More on this below, but this thread doesn't have me convinced, and we
are at -rc5 right now.  We need to come to some decision on this soon
because we are running out of time before v4.20 is released with this
code.

> For device nodes, the mounter has to have the ability to create the
> devicenode with the context mount, if he can do this, then he can do it
> with or without Overlay.  This might lead to users making mistakes on
> security, but the model is sound.
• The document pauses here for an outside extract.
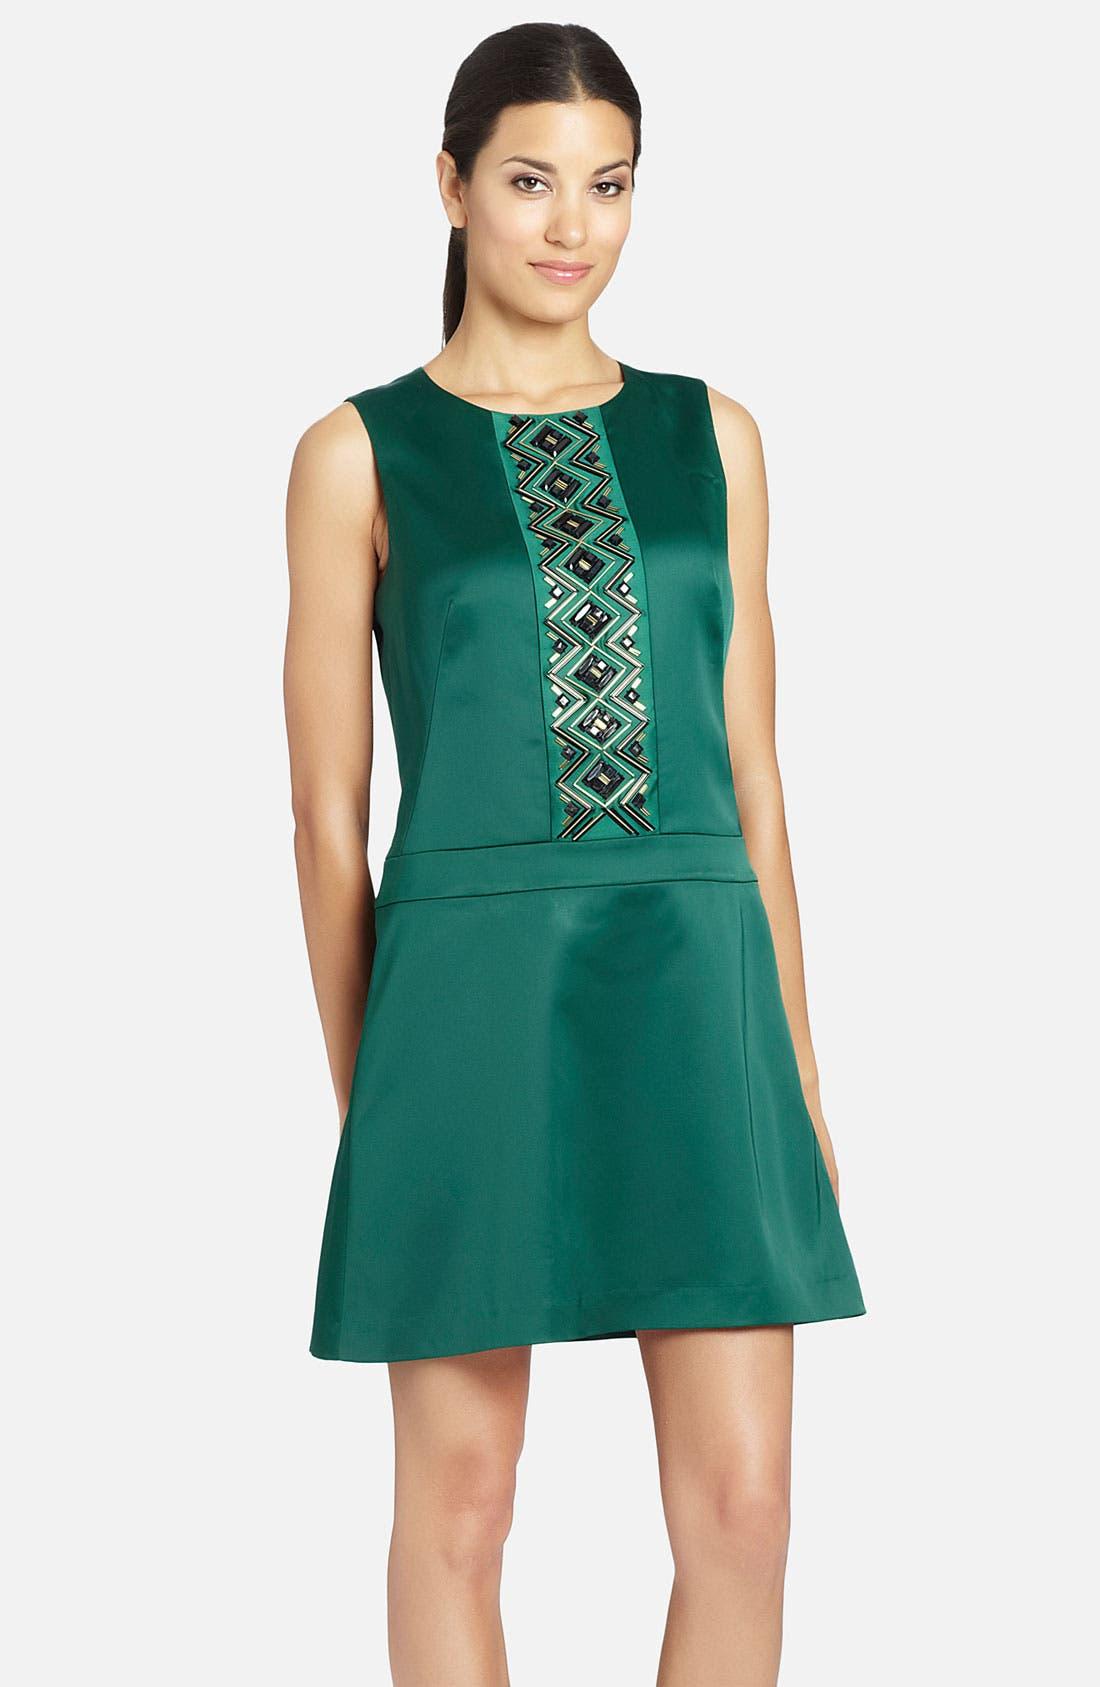 Main Image - Cynthia Steffe 'Ava' Art Deco Pattern Satin Dress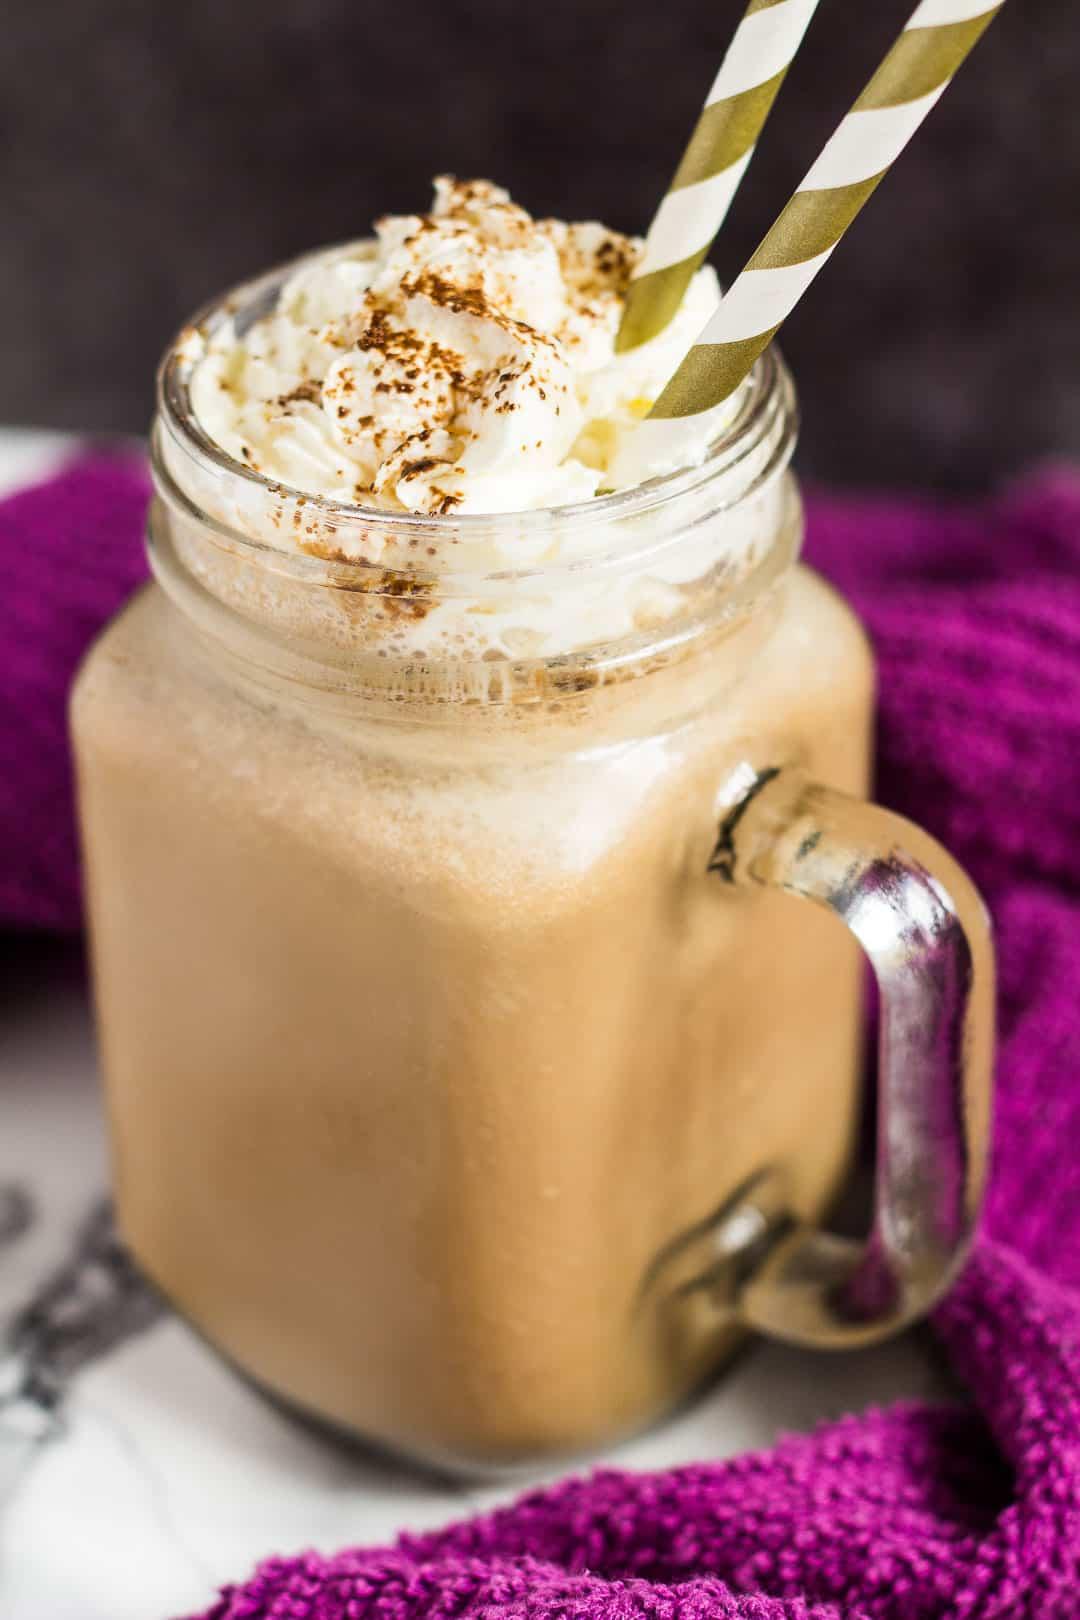 Banana Coffee Milkshake- Wonderfully creamy banana milkshake that is infused with coffee. Indulgent drink for coffee lovers! | marshasbakingaddiction.com | @marshasbakeblog

And I think this stands even in the
> case of the lower is mounted NODEV and the upper is not.  If the mounter
> can create a device on the upper with a particular label, then he does
> not need the lower.

The problem I have when looking at the current code is that permission
is given, regardless of what is requested, for any special_file() on
an overlayfs mount.

It also looks like the mounter's creds are used when checking
permissions regardless of the file has been copied up or not; I would
expect that the mounter's permissions would only used when checking
permissions against the lower inode, no?  I think there is also some
weird behavior if the underlying inode only allows the mounter to
write (no read) and a write is requested at the overlayfs layer.  I'm
sure I'm missing some subtle thing with overlayfs, but why aren't we
doing something like the following:

  int ovl_permission(...) {

    if (!realinode) {
      ...
    }

    err = generic_permission(inode, mask);
    if (err)
      return err;

    if (upperinode) {
      err = inode_permission(upperinode, mask);
    } else {
      // on the lower inode, always use the mounter's creds
      old_cred = ovl_override_creds(...);

      // check to see if we have the right perms first, if
      // that fails switch to a read/copy-up check if we
      // are doing a write (note: we are not bypassing the
      // exec check, the task can change the metadata like
      // every other fs)
      err = inode_permission(lowerinode, mask);
      if (err && (mask & (MAY_EXEC | MAY_APPEND))) {
        // PM: my guess is that we also need to add a
        // "&& !special_file(lowerinode)" to the conditional
        // above because you can't copy-up a dev node in the
        // normal sense, but we'll leave that as a discussion
        // point for now...
        // turn the write into a read (copy-up)
        mask &= ~(MAY_WRITE | MAY_APPEND);
        mask |= MAY_READ;
        err = inode_permission(lowerinode, mask);
      }

      // reset the creds
      revert_creds(old_cred);
    }

    return err;
  }

> For sockets, I see the case where a process is listening on the lower
> level socket, the mounter mounts the overlay over the directory with the
> socket.  Then the mounter changes the attributes of the socket,
> performing a copy up.  If the mounter can not talk to the socket and the
> other end is still listening, then this could be an issue.  If the
> socket is no longer connected to the listener on the lower, then this is
> not an issue.
>
> Similar for a FIFO.

See my comment "// PM: my guess ..." in the pseudo code above.  I
think the write->read permission mask conversion really should only
apply to normal files where you can do a copy-up.

> With SELinux we are also always checking not only the file access to the
> socker, but also checking whether the label of the client is able to
> talk to the label of the server daemon.  So we are protected by a
> secondary check.

That's making some assumptions on the LSM and the LSM's loaded policy
and is not something I would want to rely on.

-- 
paul moore
www.paul-moore.com